The World Championships are a great opportunity to meet up with friends old and new, including VeloVoices’ very own Panache. I’ve been working with these guys since 2012 and have still to meet everyone in person! I not only met Panache aka Chris but his lovely wife Audrey, who was nursing a broken foot, his best cycling buddy Chad and his equally lovely wife Belva. I helped Chris, Chad and another of their friends Scott have a memorable cycling holiday at the Tour a couple of years back. I think the next trip might well be in the Dolomites with their better halves! I am poised to lend a helping hand.
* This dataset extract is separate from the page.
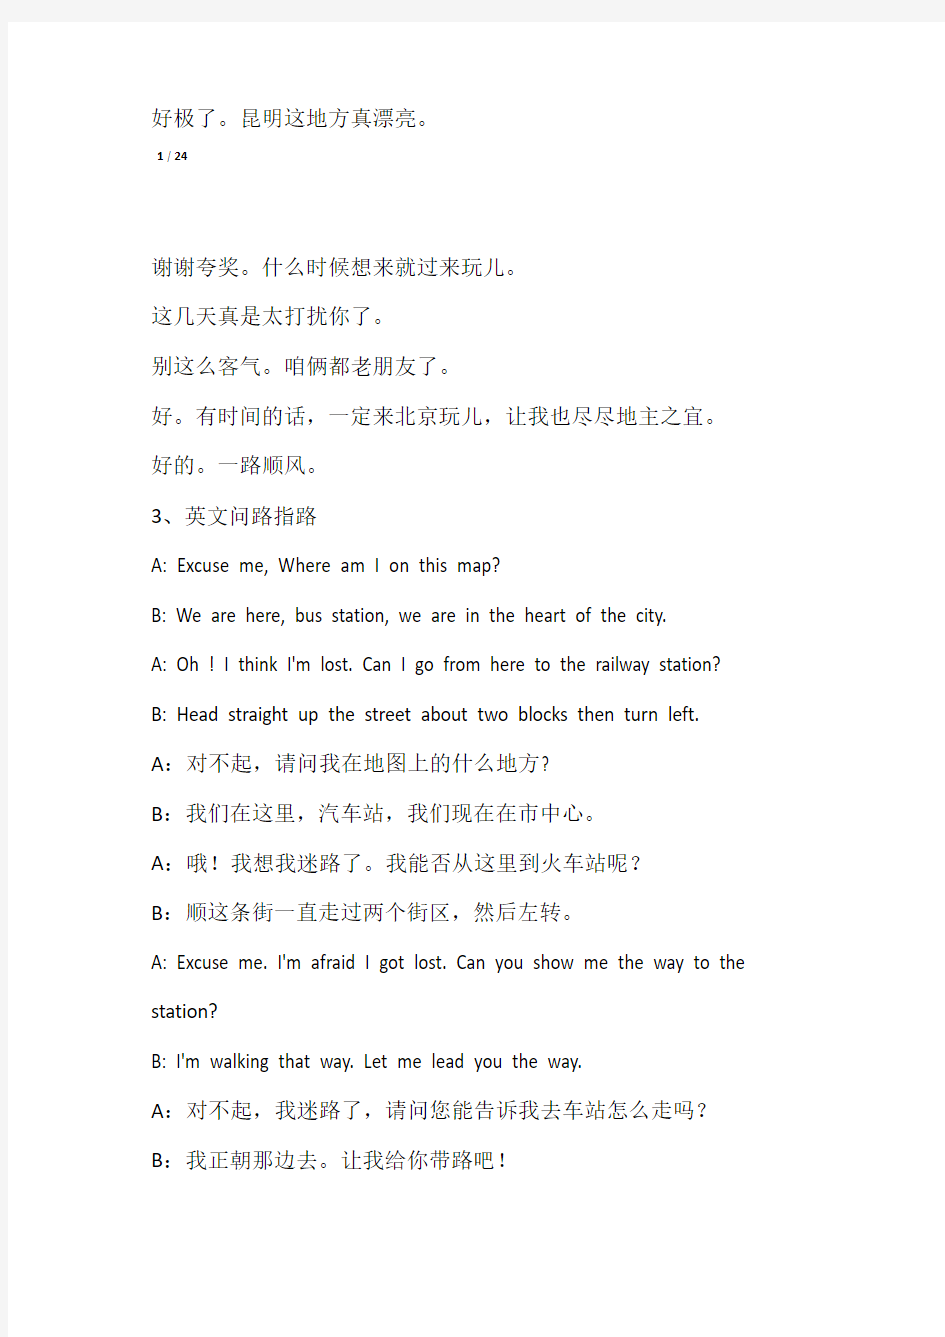 英语口语常用21个场景对话可对照汉语翻译
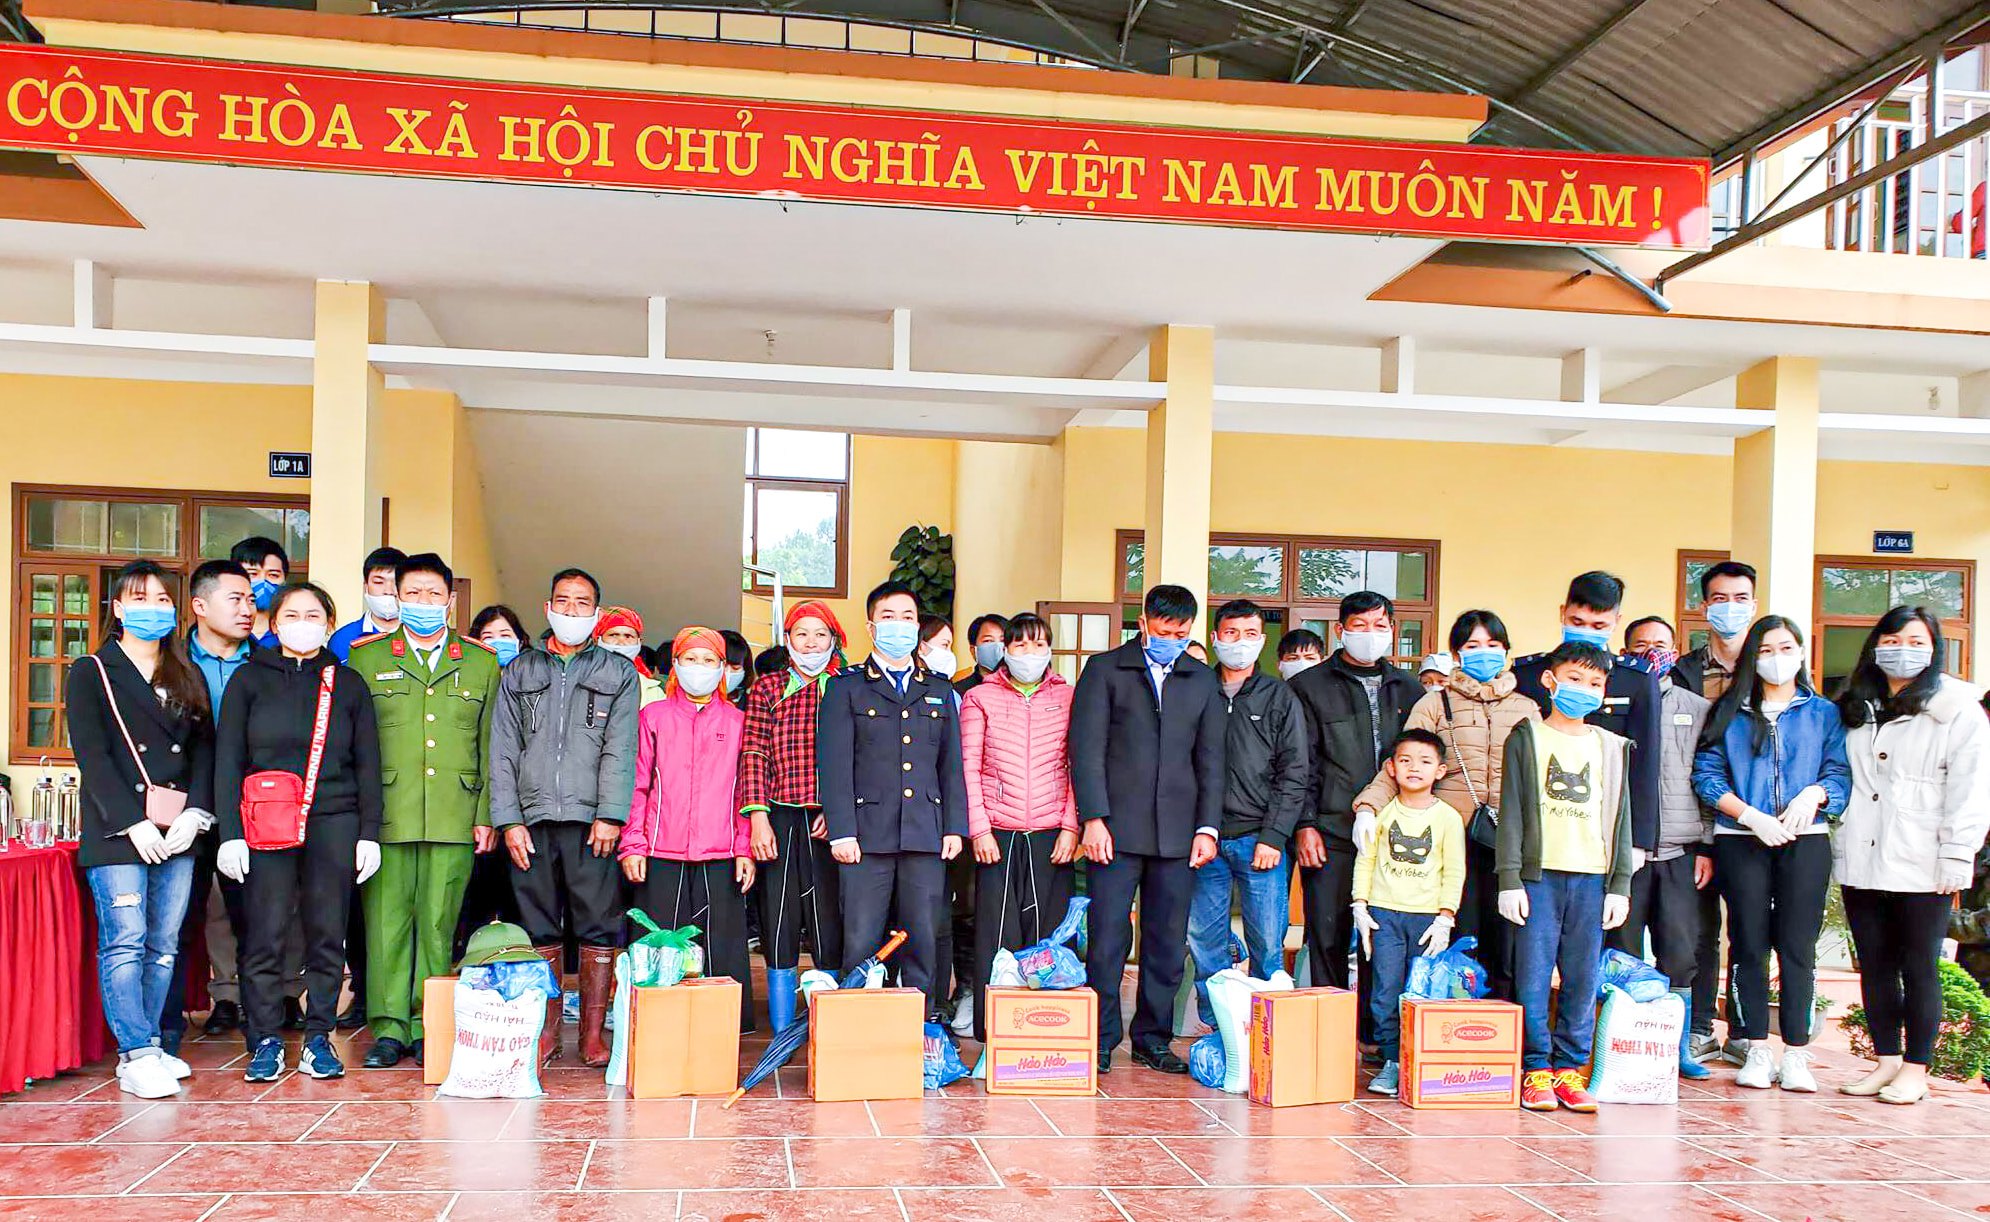 Đoàn cục Hải Quan chủ động xây dựng chương trình tình nguyện tại huyện Cao Lộc giúp đỡ gia đính khó khăn trong dịch bệnh

Sagan wins Worlds (image: Greig Leach)
Sagan wins Worlds (image: Greig Leach)

I love it when someone I know wins a race. Admittedly, Peter Sagan was one of the bookies’  favourites for the men’s road race title but, with only two team-mates and a season which had not perhaps gone the way everyone expected, the pressure was on. Peter delivered in spades with a swashbuckling attack, a risk-all descent and a hanging on for grim death finish. He was warmly congratulated by his peers and the fans after winning in style – something he does only too well.

2. Three Grand Departs

More by accident than design, this year I was fortunate to attend the start of all three of the grand tours. Impossible to pick a favourite as they were all special for many reasons. The Tour is always fantastically well-organised and I take my hat off to anyone who can organise the equivalent of 21 Royal Weddings with barely a hitch. It runs like a well-oiled machine but its sheer size mitigates against rider and fan intimacy which is much more easily achieved at both the Giro and Vuelta which are both rather more laid back affairs.

3. My Beloved Aston Villa

My late father (far left) holding 1957 FA Cup won by AVFC
My late father (far left) holding 1957 FA Cup won by AVFC

The boys managed to reach the FA Cup final where they were roundly beaten by a vastly superior Arsenal but, more importantly, they managed to (again) stave off relegation. Unfortunately, key players wanted out and were sold to be replaced with a bunch of very promising youngsters, including a player from my French team OGCN. A change of managers has not managed to lift the boys off the bottom of the Premiership where they languish easily in last place. I fear for them, I really do. Let’s hope they get their act together under Remi Gard (who is a disciple of OGCN Manager Claude Puel) and play (much) better in the first half of 2016. I’m hoping Gus will lend us Loic Remy, another ex-OGCN and OC Lyon player, who can score goals.